A few years ago our mother started to forget some words. My sister, who called her almost every day, noticed that she forgot the word for “coriander” which, as a great cook, she used to know very well. It annoyed me that she used the American “cilantro” which she picked up from the time we lived in LA. My father was American-Iranian and my mother is British but she would always shock Iranian people when she, a diminutive blue-eyed Brit, started speaking flawless Farsi with no accent at all. In Persian cooking, coriander is the bedrock of many dishes, and my mother’s Persian dishes were second to none. I have tried to cook one of my favourites, Ghormeh Sabzi, many times but it can never compare to my mother’s. The first step in cooking the dish is to chop the herbs: coriander, parsley, leeks and dill. This intoxicating smell would fill her kitchen. Ghormeh Sabzi is to me what madeleines were to Proust, a trigger for happy memories of childhood which she and I shared. If the word was lost then how long would it be until the memory of the dish, and her past and ultimately my name would slip beyond her grasp?
As her condition deteriorated my sister and I realised that we would need to take over her medical and financial affairs. At first, this was just making sure that bills were paid on time and that she remembered to take her medication. Although the process is legal and rather clinical, the emotional impact can be difficult. Handing over control is never easy even if it’s in your best interests. King Lear had a bad time of it, and so have some members of the EU. Although we were expecting drama our mother was very sanguine and rational. I was the banker so she gave me control of her financial affairs called “Lasting Power of Attorney for Financial Decisions”, and my sister and I share “LPA for health and care decisions”. The Age UK website has useful information on what those terms mean.

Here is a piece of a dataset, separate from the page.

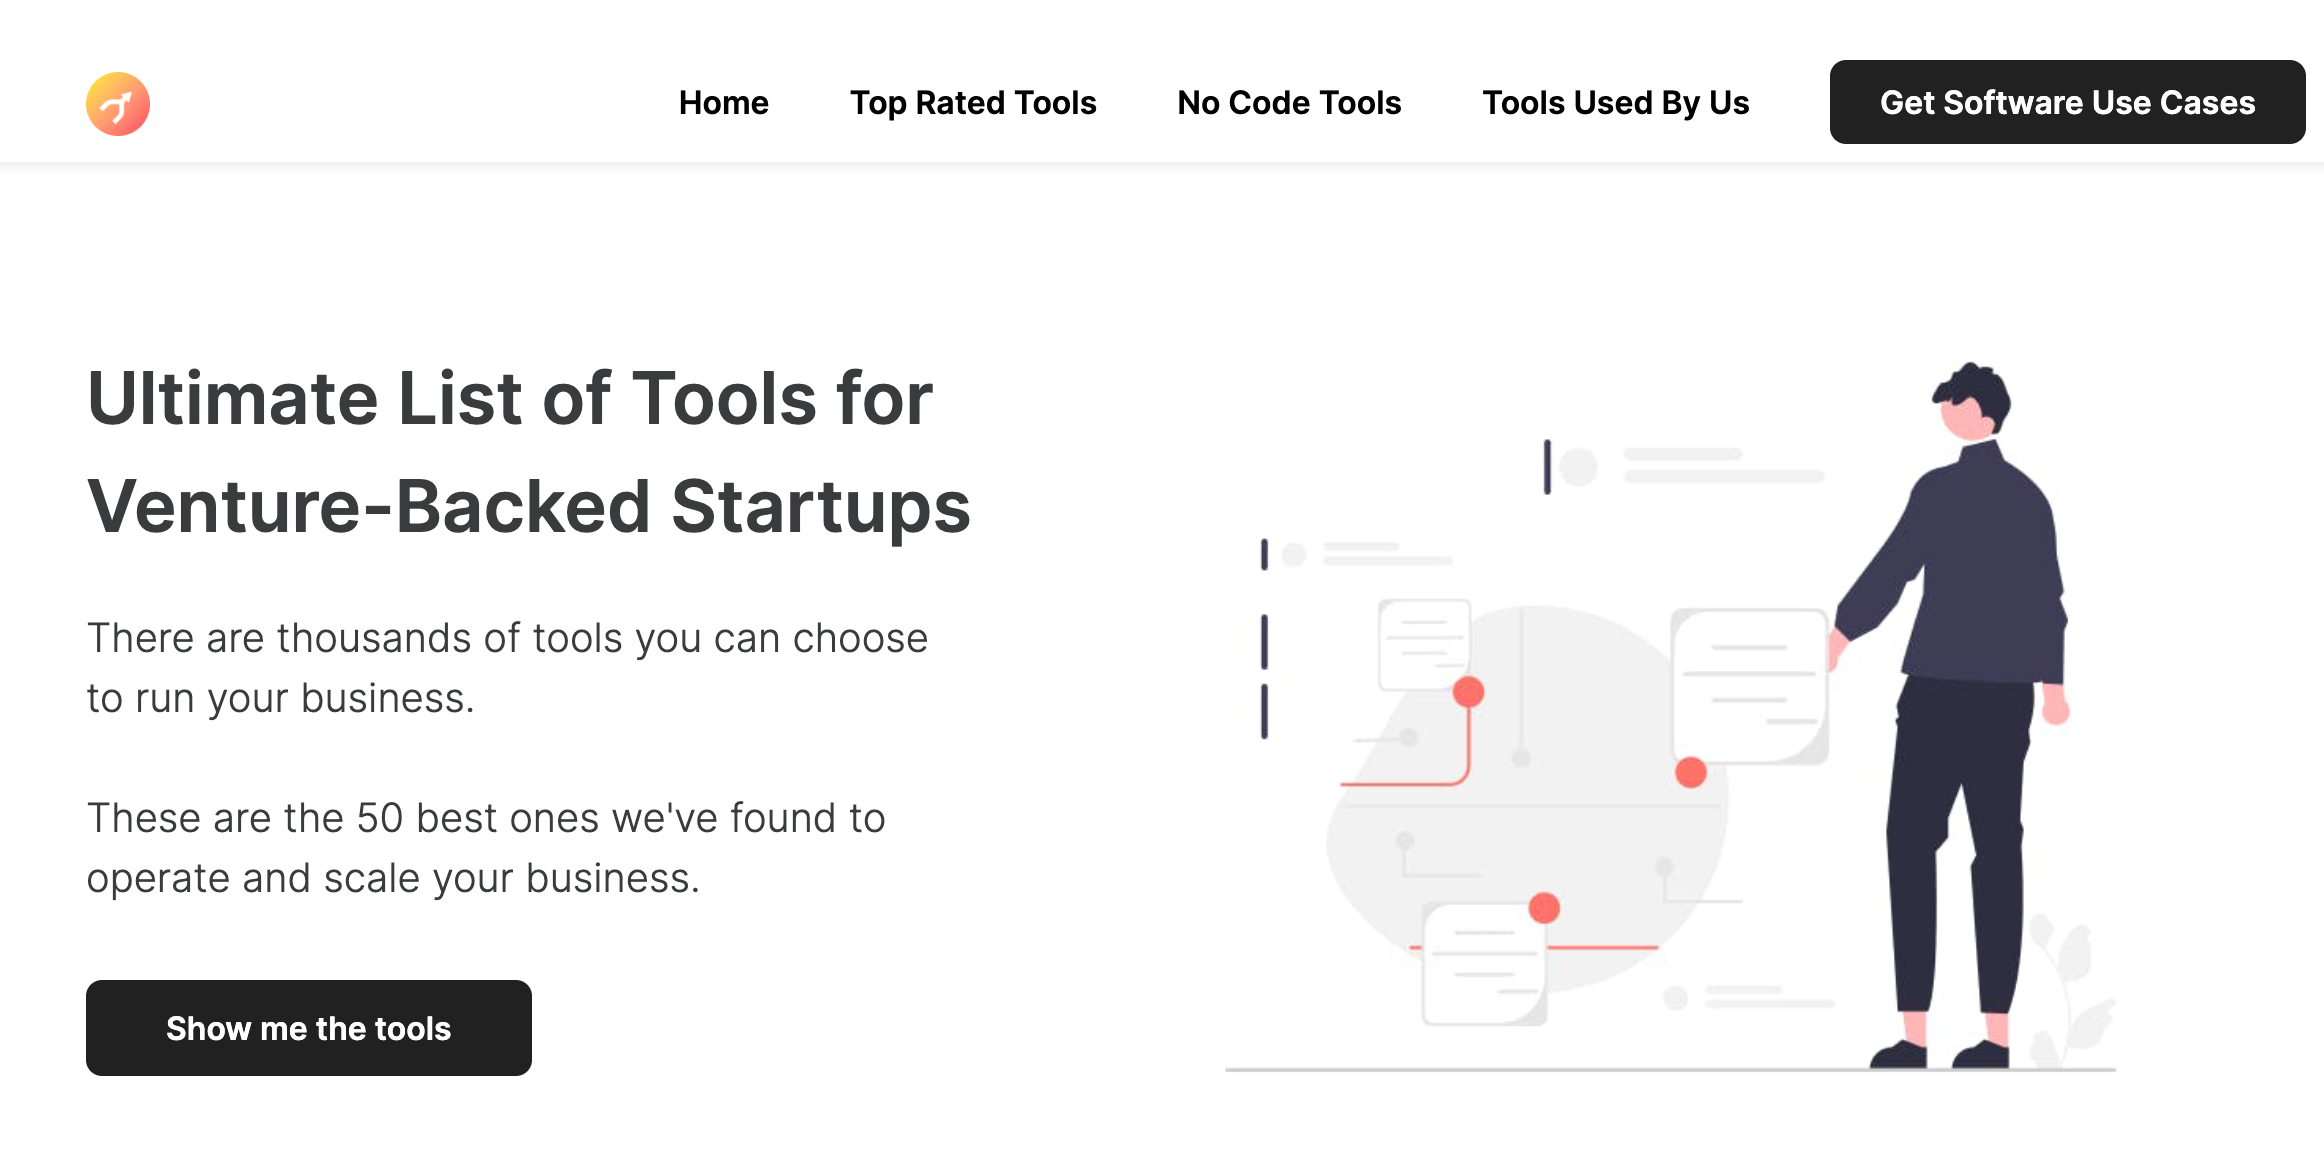 Startup Tools

The process of getting LPA was expensive but painless. We chose to use a solicitor, Lara, to guide us through the process, but you can do it yourself. The cost for the solicitor’s help was a little over a thousand pounds, which surprised me. But as a yardstick co-op legal services charge £270 for each LPA. On top of that, you pay the actual application fee with the Office of the Public Guardian which is £110 per person per LPA. We had three (financial and health for me, health for my sister) so this came to £330. If the donor (i.e. our mother in our case) has an income below £12,000 or receives certain benefits the application fee can be reduced or waived altogether according to the Office of the Public Guardian. The solicitor has to ensure that the person granting LPA (a) has the mental capacity to do so and (b) has not been put under any pressure. This meant leaving the room while Lara and our mother talked to one another. Lara did a great job and made the process painless. She struck just the right balance between being professional but sympathetic which is helpful when you are taking steps on a path that nobody wants to travel.
While the LPA was easy and expensive, the process of getting mother’s bank to give me access to her bank account was free but time-consuming. I don’t have a bank account with the same bank, so they required lots of identification documents and visits to a branch close to where I worked. I haven’t been in a bank branch for years and this reminded me why. It took weeks for the bank to process the application, but eventually we set up phone banking and I could check our mother’s balances and set up payments as if it were my own account. Setting up internet banking proved more of a logistical challenge because, despite being with the bank for over forty years, they insisted on her providing new identification documents. This involved yet more branch visits and, while they were helpful, I really didn’t want to discuss my mother’s dementia with an ever-widening circle of strangers. And here Lara came to the rescue as we needed a notarized copy of my financial LPA which we had to deliver to her branch in Malvern, and Lara produced this for us very quickly.
After the LPA came the time when, after a stroke, we realised that mother was no longer financially competent. At this stage, the financial LPA has to write a letter to the bank formally stating that this is the case. From now on she will not deal with her own financial affairs at all.
For others facing the same situation I’d say the following:
- Be prepared for the costs of getting Lasting Power of Attorney.
- Consider whether you need a solicitor: if you do it yourself you will only pay the registration costs (see MoneySavingExpert’s useful article about it here).
- Do the LPA as soon as possible after the diagnosis of dementia, painful though this may be. It’s easy to put it off, but ultimately this will make things easier and you have to do this before the donor loses mental capacity.
- Face it as a family. My sister and I have laughed and cried through the whole journey together, and it’s made me appreciate just how amazingly selfless she is. Though we would not choose this ending it has brought us closer together.
It has been very difficult seeing someone I love unravel. Losing a parent is a loss of shared memories. When a parent dies the loss is sudden, with dementia it’s drawn out over years. But every time I smell coriander it evokes memories of being four years old, in a kitchen in Tehran next to my mother, excited that we were having Ghormeh Sabzi for supper. I’ll remember for both of us.